# 4 pound + 1015 onion



## Meadowlark (Jul 19, 2008)

Yep, its water soaked and has a little dirt on it and still has the top...but even at that, this is easily a 4 pound 1015 onion.

Have many more well over 2 pounds in what looks like the best year ever for 1015 onions here.

There's some blooming onions in my future.


----------



## Rubberback (Sep 9, 2008)

That is fantastic. I got some big uns out there I'm just scared to pick em because there full of water and will rot in a hurry if I pick them now.
Not my best year by far and I couldn't determine until I pick them and see how long they store. I'm thinking lots of them are gonna rot while in storage. Will see.


----------



## Rubberback (Sep 9, 2008)

Went ahead and picked mine. Haven't weighed them but there's some pounders and some 2lb'ers.


----------



## Meadowlark (Jul 19, 2008)

That looks like a mighty fine crop, RB.

Pulling the rest of mine today and hoping for at least two days of sunshine. They are really wet so long term storage on my crop is a concern.


----------



## BATWING (May 9, 2008)

Outstanding! Make some pico when the tomatoes/peppers are ready and let me know how it taste.


----------



## Rubberback (Sep 9, 2008)

Meadowlark said:


> That looks like a mighty fine crop, RB.
> 
> Pulling the rest of mine today and hoping for at least two days of sunshine. They are really wet so long term storage on my crop is a concern.


I saw more rain in forecast and two days of sunshine and said the hell with it and pulled them. 
They look good and I got a better yield than expected. I think in the 6 month growing of them I watered them twice.
It wasn't my best crop but they sure taste good and mighty sweet. Lark, I went back out there and planted peas, beans, and more okra. Checked on the onions and they are drying just fine. 
I'm feeling good about storage.


----------



## Rubberback (Sep 9, 2008)

BATWING said:


> Outstanding! Make some pico when the tomatoes/peppers are ready and let me know how it taste.


 You got that right. Will do! And as much salsa as I can.


----------



## Rubberback (Sep 9, 2008)

Lark these last 2 days of heat and sun are drying out the onions . Thinking I'll be good to go. I'll put them in the barn about noon tomorrow.


----------



## Sugars Pop (Jul 10, 2008)

My onions stopped growing. I bet we do not have any 1 pounders at all so we will leave them until the tops fall over to see if they may get a boost here shortly.


----------



## Meadowlark (Jul 19, 2008)

Rubberback said:


> Lark these last 2 days of heat and sun are drying out the onions . Thinking I'll be good to go. I'll put them in the barn about noon tomorrow.


What a blessing these past three days have been...beautiful sunshine.

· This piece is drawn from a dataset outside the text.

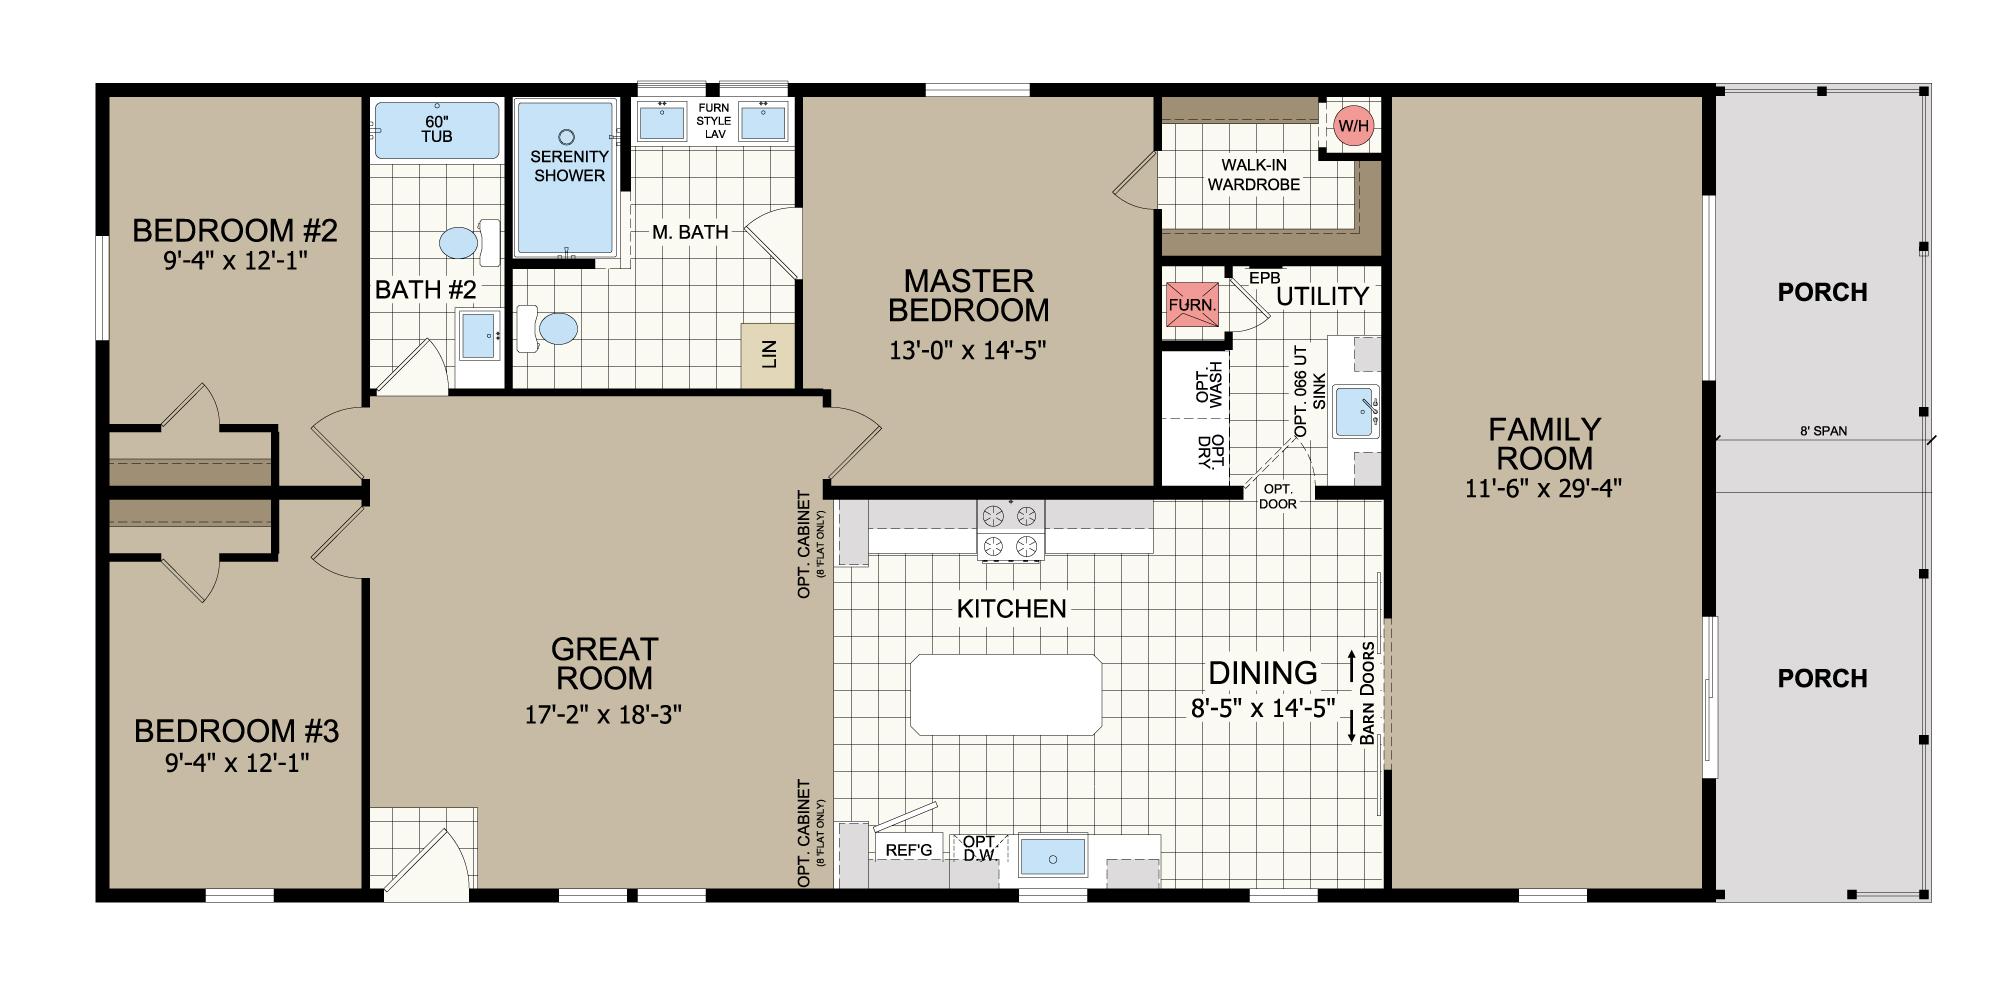 floorplan image for unit 341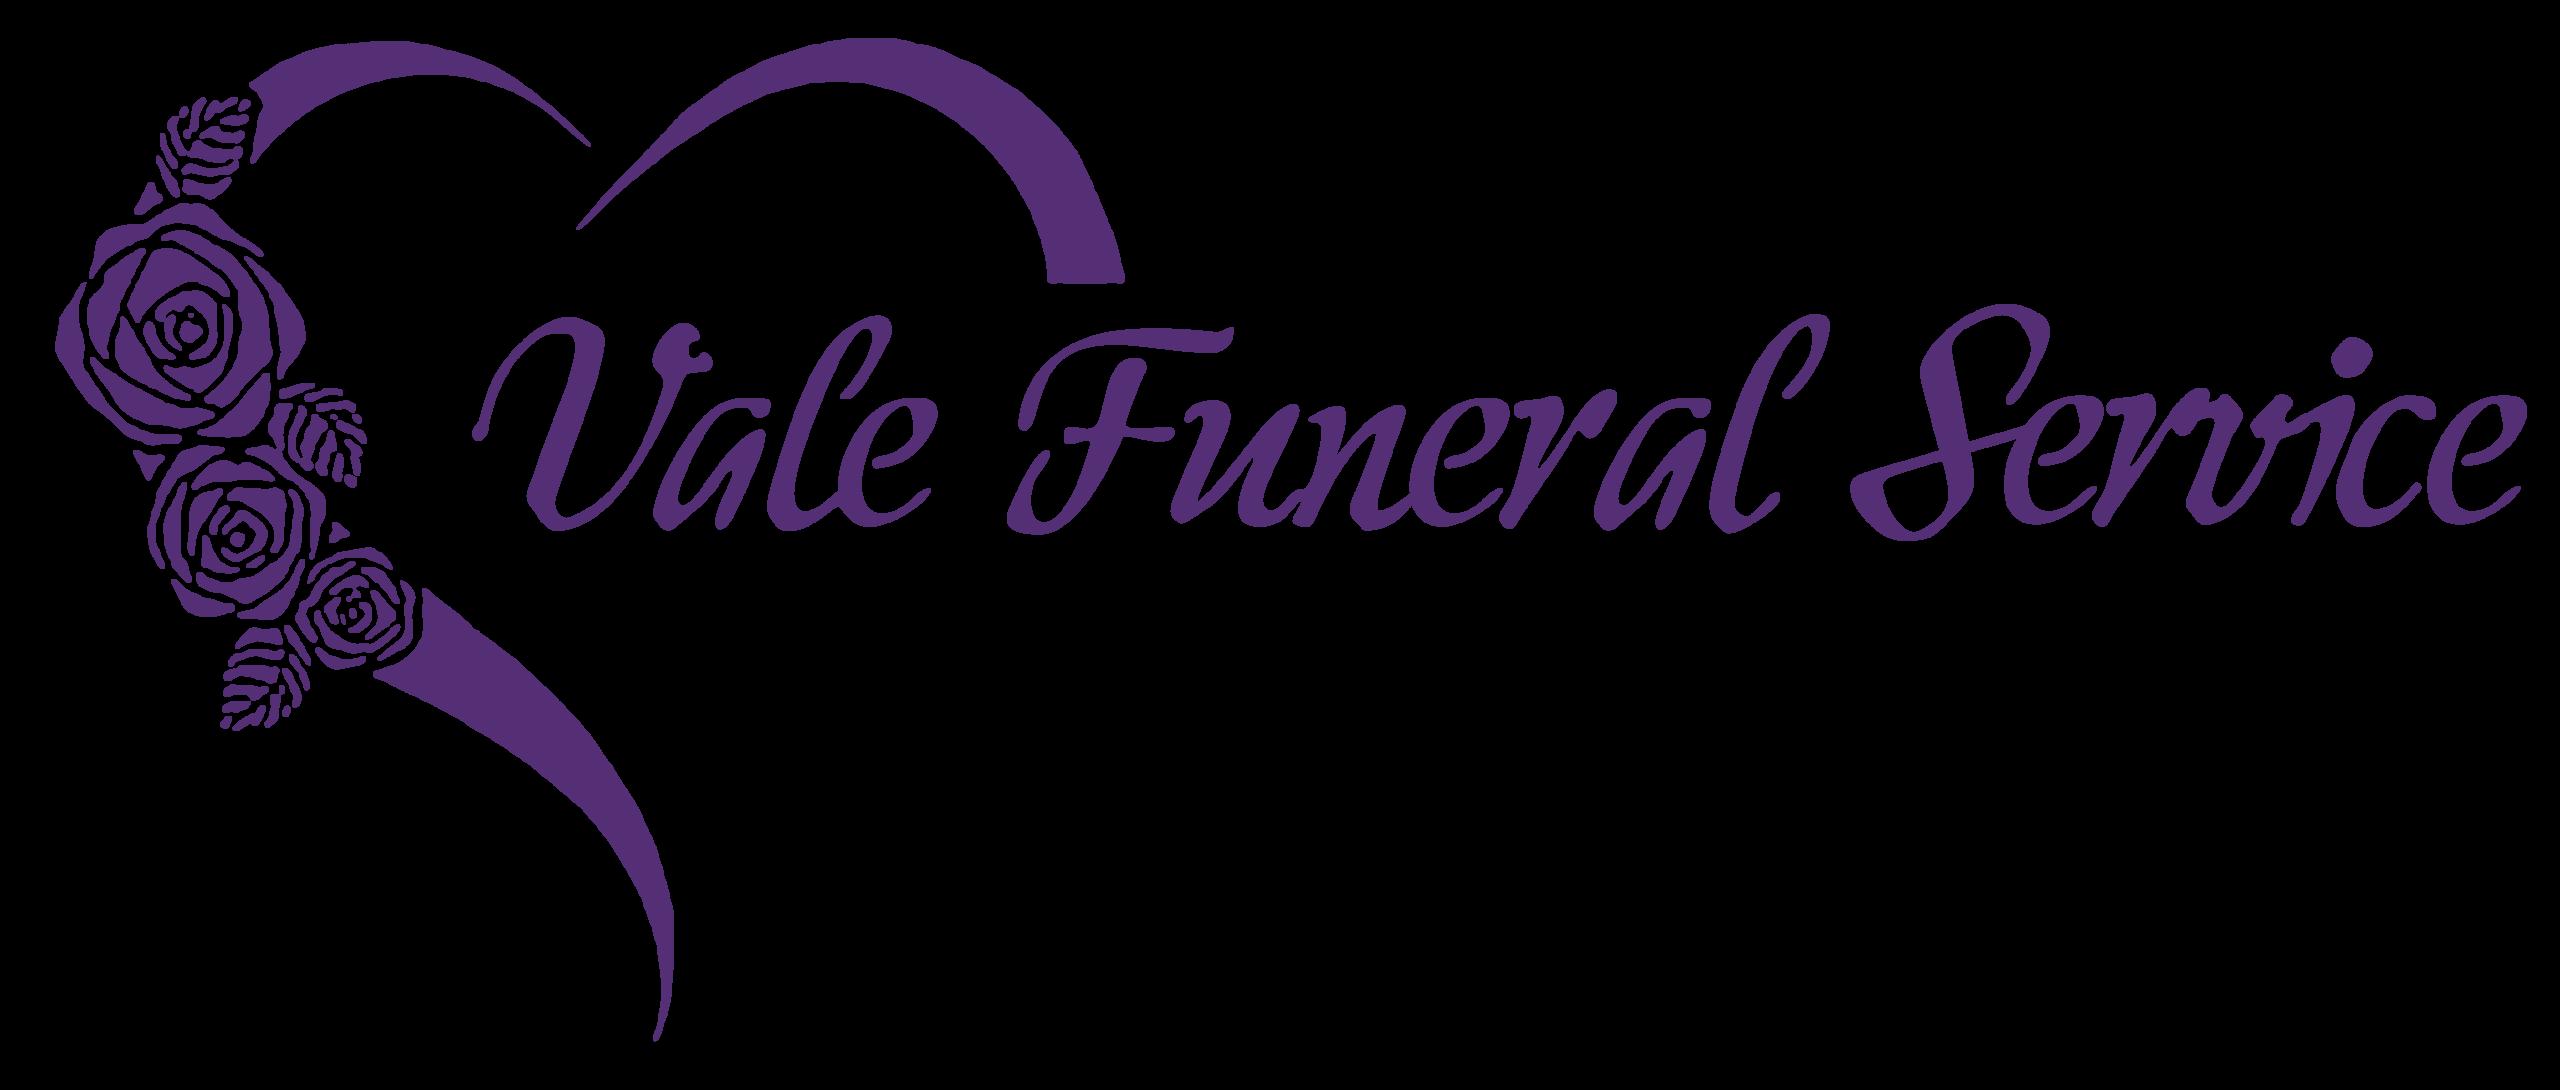 Funeral clipart funeral procession. Service etiquette barry vale

Mine will go into the storage shed, well dried, this evening. Looks like we made another year, RB.


----------



## Rubberback (Sep 9, 2008)

Meadowlark said:


> What a blessing these past three days have been...beautiful sunshine.
> 
> Mine will go into the storage shed, well dried, this evening. Looks like we made another year, RB.


Just glad I got onions this year. I couldn't plant them last year.
How is your corn doing? I didn't plant much but the plants are looking good.


----------



## Meadowlark (Jul 19, 2008)

First planting April 1 really struggled to germinate but I think it set enough to have some good eating.

Second planting May 1 much better stand of young plants should be a bumper crop.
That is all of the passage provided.